Corpus Linguistics

The word "corpus", derived from the Latin word meaning "body", may be used to refer to any text in written or spoken form. However, in modern Linguistics this term is used to refer to large collections of texts which represent a sample of a particular variety or use of language(s) that are presented in machine readable form.

Corpus Linguistics is a branch of linguistics that uses a large collection of natural texts known as corpus for analysis. It is a complementary approach to traditional approaches. Corpus linguistics gets its real power by using computers for analysis.

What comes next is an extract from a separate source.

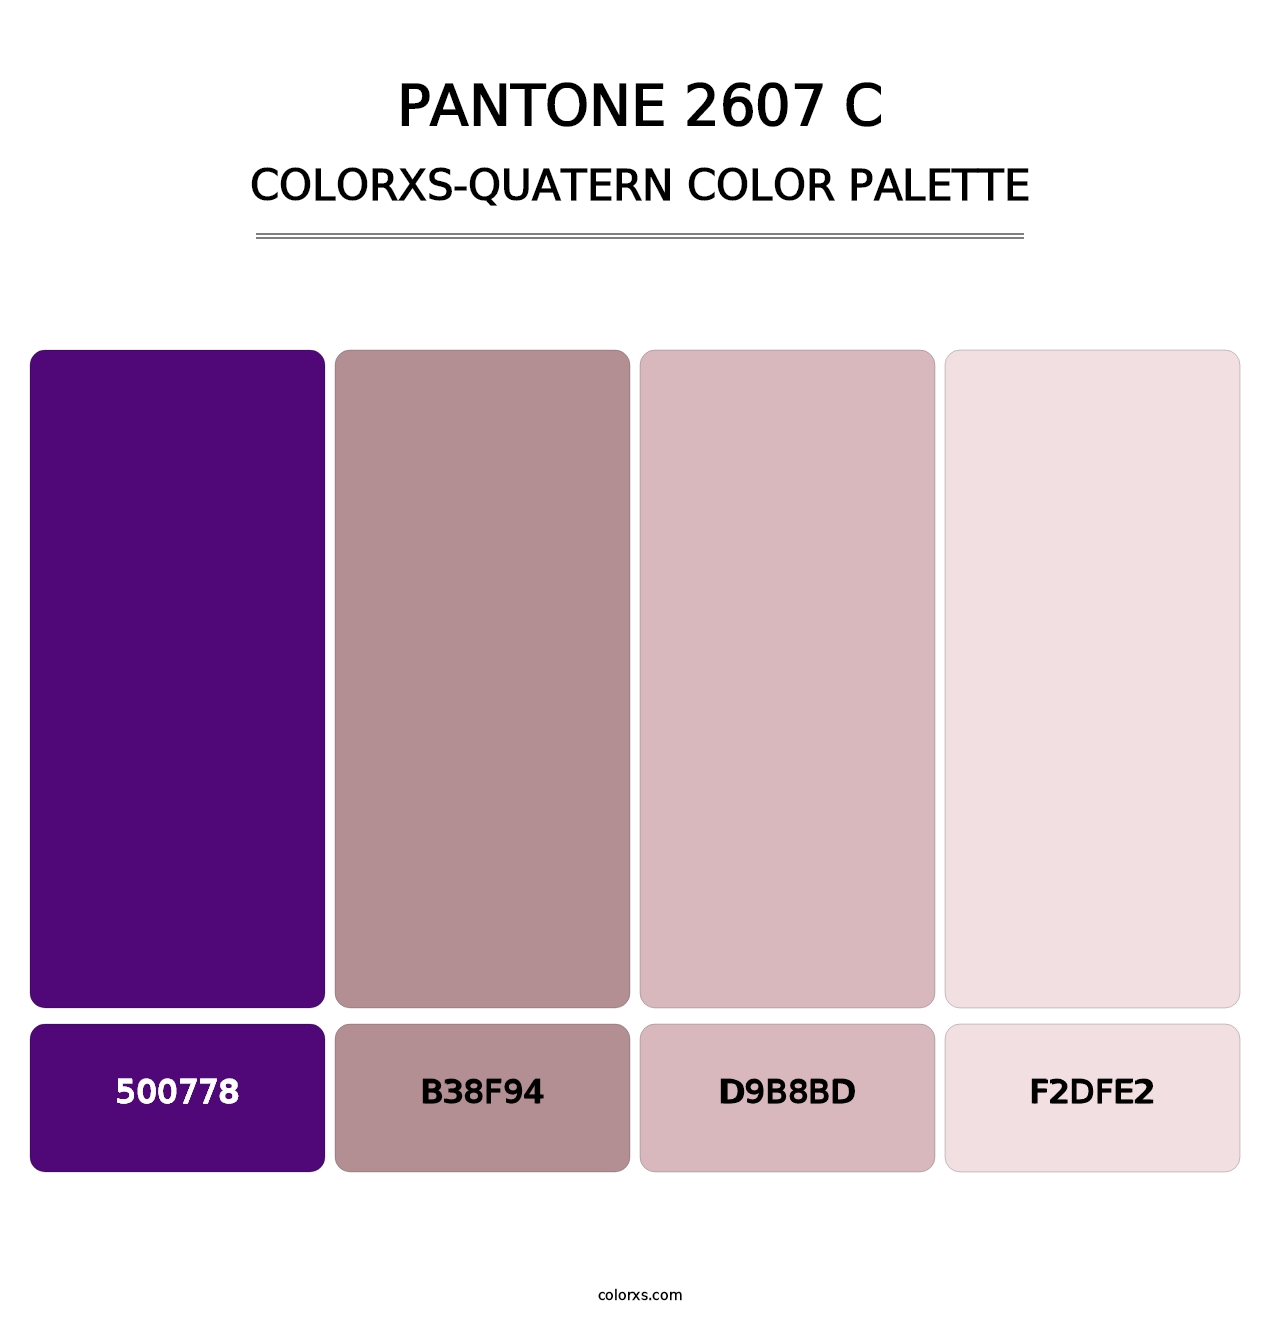 PANTONE 2607 C - Colorxs Quatern Palette

There are many different kinds of corpora. They can contain written or spoken (transcribed) language, modern or old texts, texts from one language or several languages. The texts can be whole books, newspapers, journals, speeches etc, or consist of extracts of varying length. The kind of texts included and the combination of different texts vary between different corpora and corpus types.

"Corpus studies boomed from 1980 onwards, as corpora, techniques and new arguments in favour of the use of corpora became more apparent. Currently this boom continues--and both of the 'schools' of corpus linguistics are growing . . .. Corpus linguistics is maturing methodologically and the range of languages addressed by corpus linguists is growing annually."
(Tony McEnery and Andrew Wilson, Corpus Linguistics, Edinburgh University Press, 2001)

"To make good use of corpus resources a teacher needs a modest orientation to the routines involved in retrieving information from the corpus, and--most importantly--training and experience in how to evaluate that information."
(John McHardy Sinclair, How to Use Corpora in Language Teaching, John Benjamins, 2004)